Igualmente, ahora que se están realizando las asambleas de empresas, cuando se deben proponer y aprobar los representantes legales de las compañías, también es necesaria la actualización del RUT, lo que no se está logrando realizar.
El protocolo se activó, pero...
Algunos analistas señalan que, aunque se activaron los protocolos previstos en estos casos, no resulta normal que hayan pasado más de 8 días sin que se tenga resuelto el asunto, por lo que se preguntan si es que el daño causado ha sido o no de una gran magnitud.
Junco, como exdirector de la Dian, recuerda que en su época como timonel de la entidad dejaron un Manual de Políticas y Lineamientos de Seguridad de la Información (MN‑IIT‑0072) que tiene las especificaciones de lo que se debe hacer cuando hay un hackeo.

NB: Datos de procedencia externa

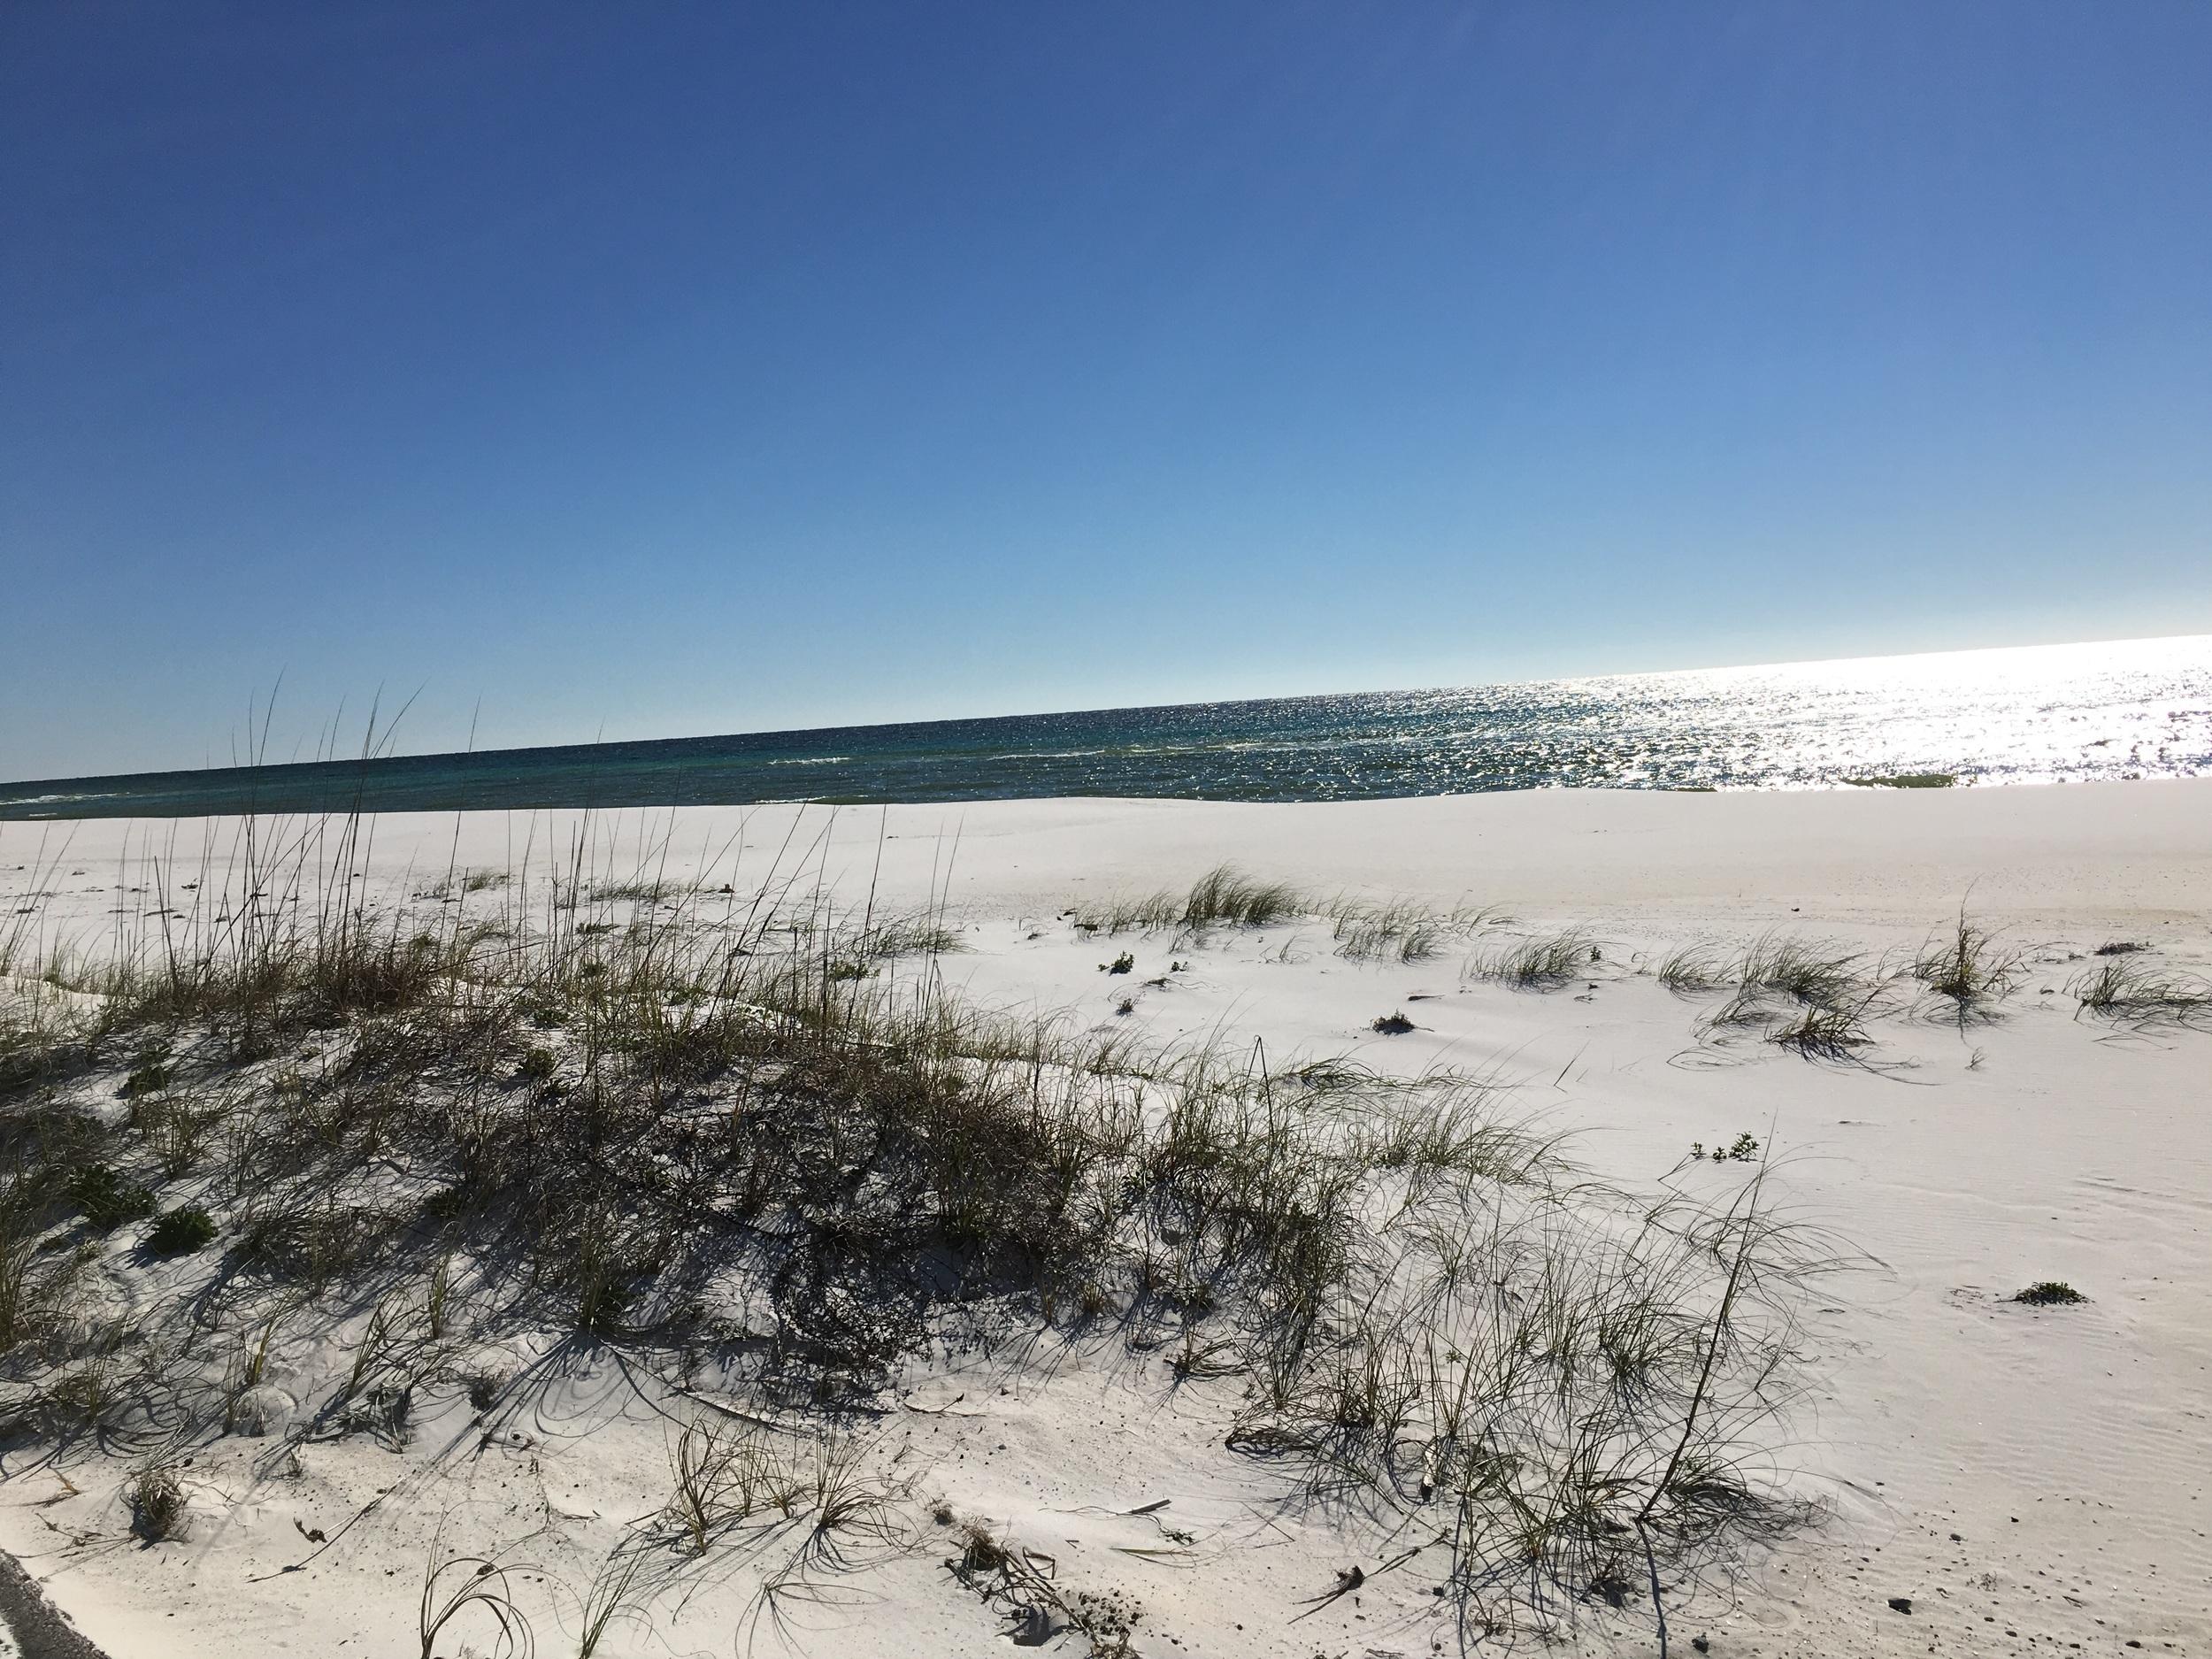 Miles of sand dunes

De ahí expresa que: “primero, se requiere detectar y registrar el incidente; luego reportarlo de inmediato a la Oficina de Seguridad de la Información; activar los protocolos de respuesta (contener el ataque, aislar sistemas afectados, recopilar evidencias digitales y empezar la recuperación de servicios); evaluar el impacto sobre los datos personales y demás información; informar a las autoridades competentes (como la SIC y Fiscalía, según el caso) y a los titulares cuando corresponda; y finalmente hacer un análisis posterior para corregir vulnerabilidades, ajustar controles y, si procede, iniciar acciones disciplinarias o contractuales contra quienes incumplieron las obligaciones de seguridad”.
Aunque la lista es extensa, implementar el protocolo no suele ser tan dispendioso como se percibe que ha sucedido en esta ocasión. Lo cierto es que ya está causando el reclamo de los contribuyentes para que se le de una mayor celeridad al tema.